The entries below contain a line with "The Siesta by Vincent Van Gogh Art Handbag" and a line with "1988 Volkswagen Golf". Retype exactly everything from the first down to the second, both included, and nothing else.

● DATA SUPPLIED:
+ + +
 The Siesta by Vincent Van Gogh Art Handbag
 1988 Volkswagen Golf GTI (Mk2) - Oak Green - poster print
+ + +
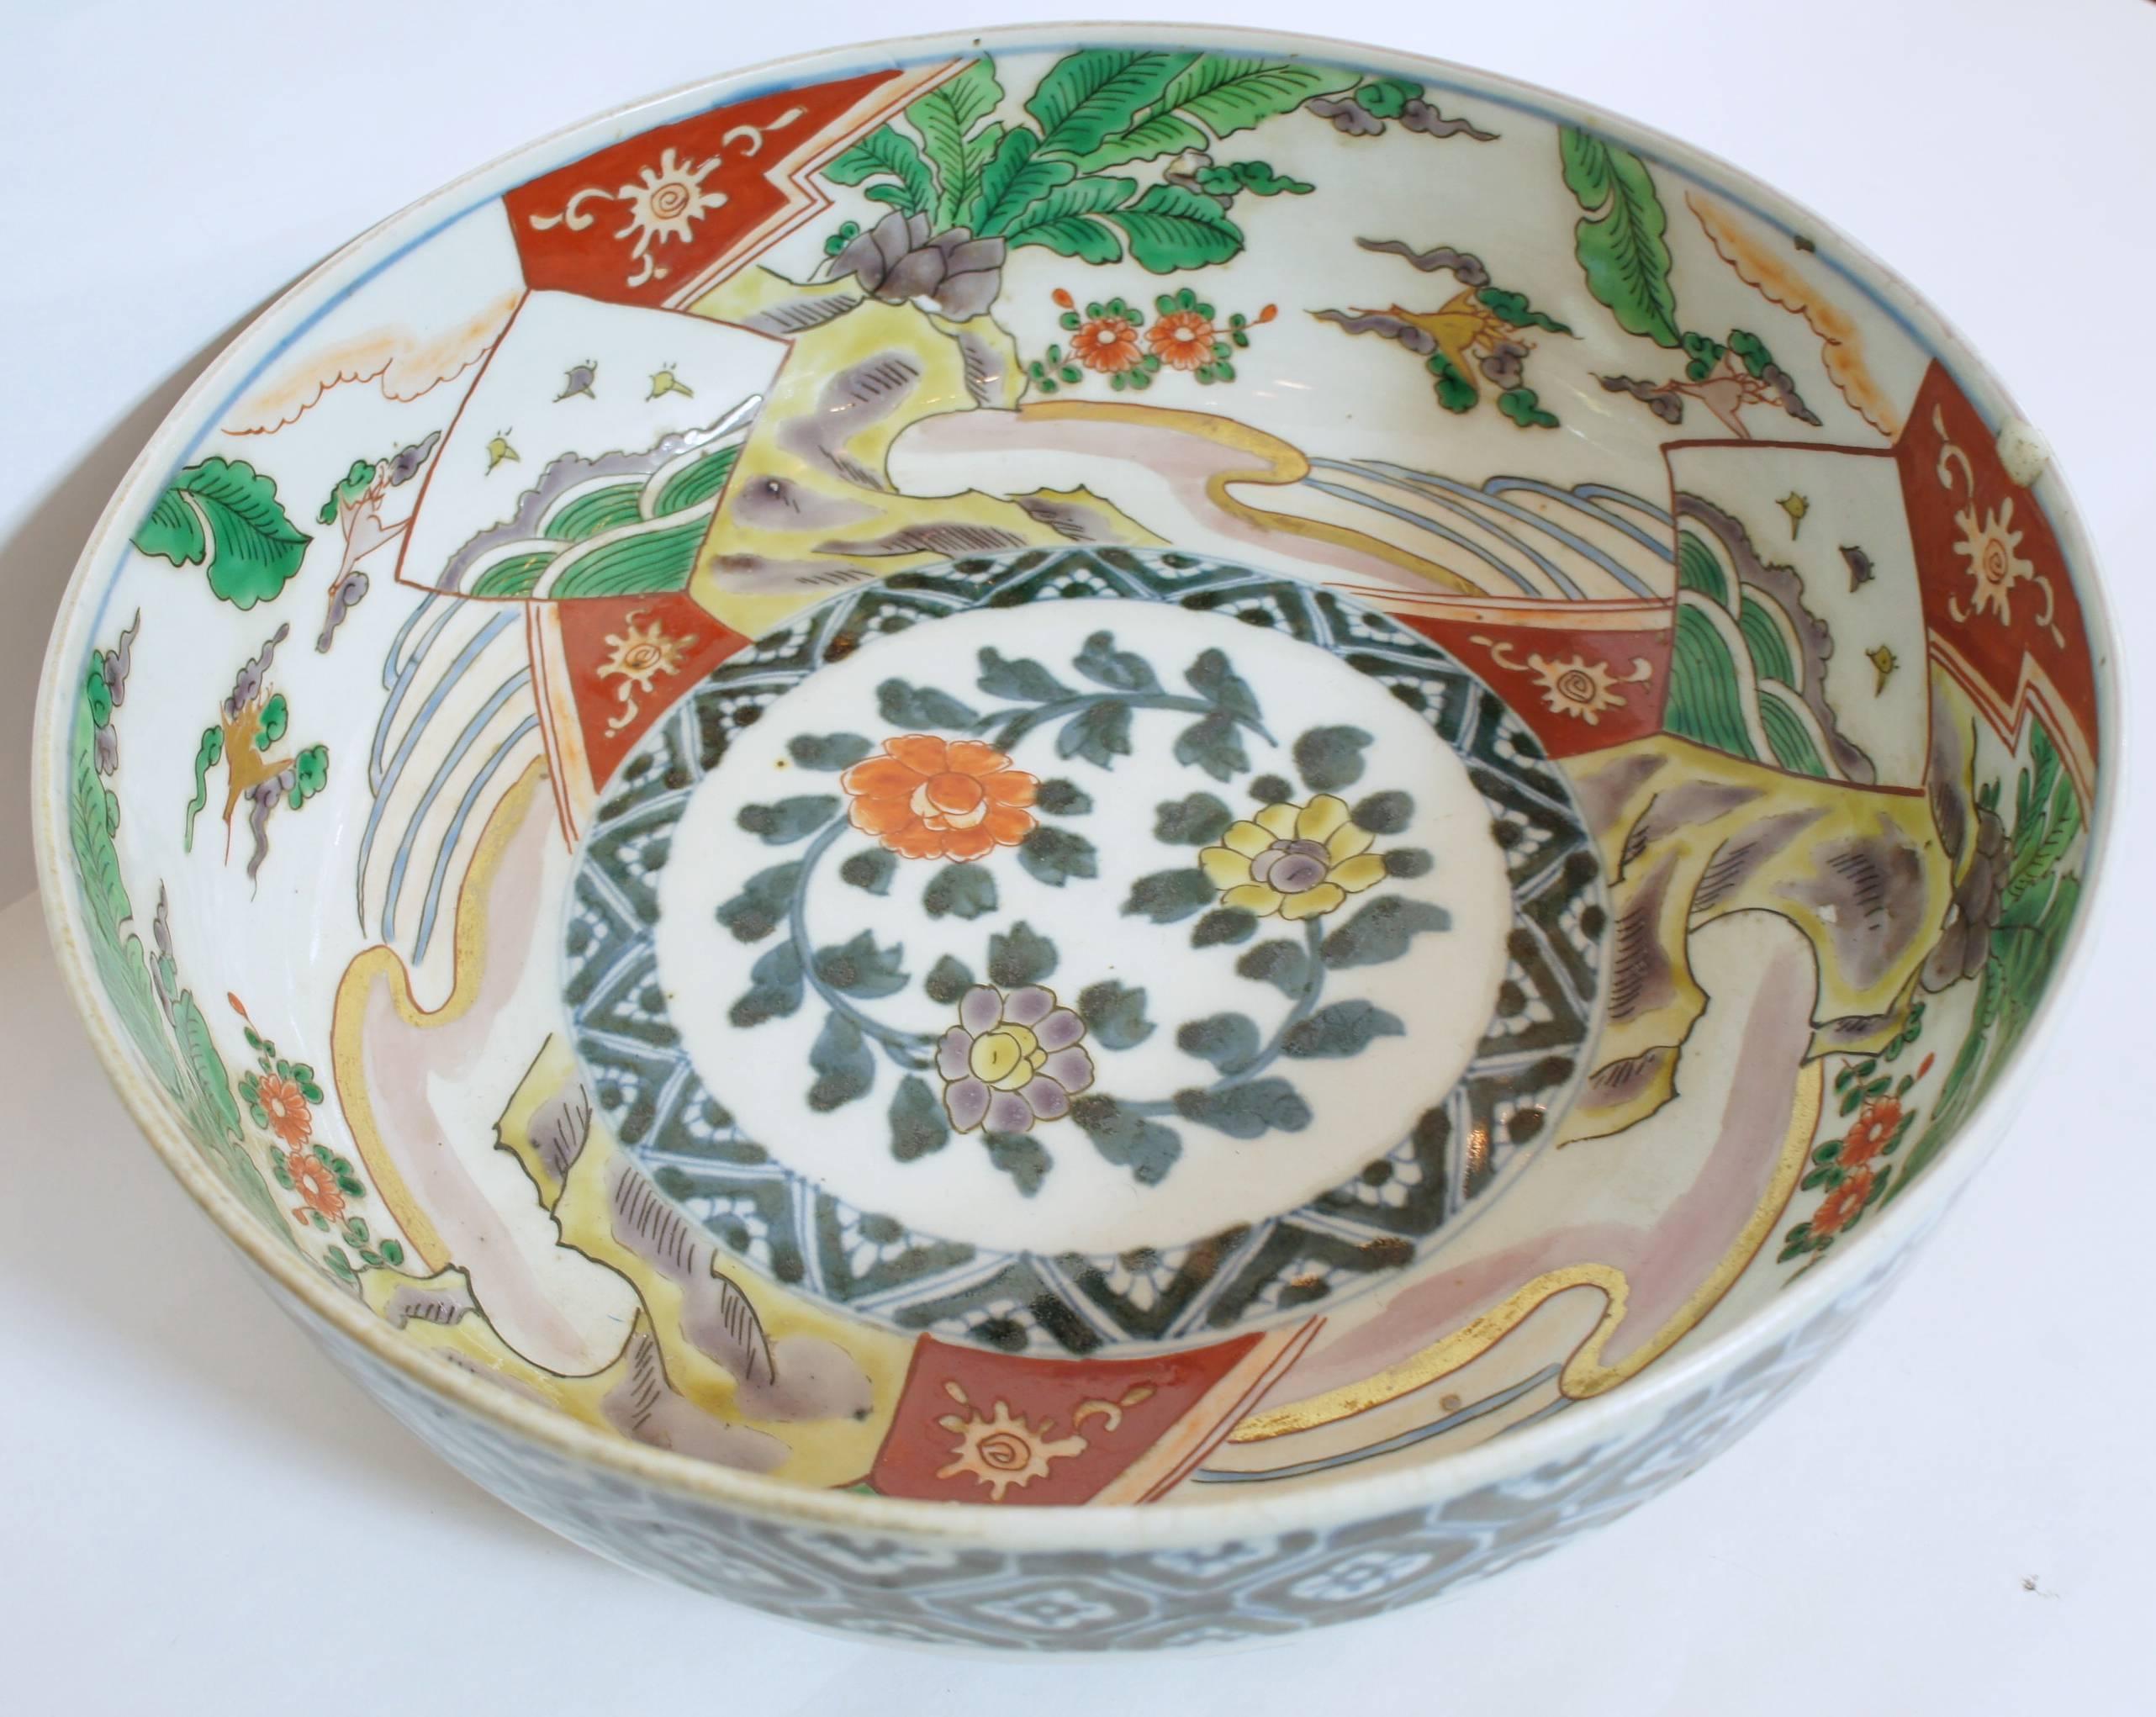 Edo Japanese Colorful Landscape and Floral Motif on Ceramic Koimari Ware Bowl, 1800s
+ + +
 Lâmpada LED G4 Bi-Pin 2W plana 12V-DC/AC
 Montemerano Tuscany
+ + +
● WRITTEN SOLUTION:
 The Siesta by Vincent Van Gogh Art Handbag
 1988 Volkswagen Golf GTI (Mk2) - Oak Green - poster print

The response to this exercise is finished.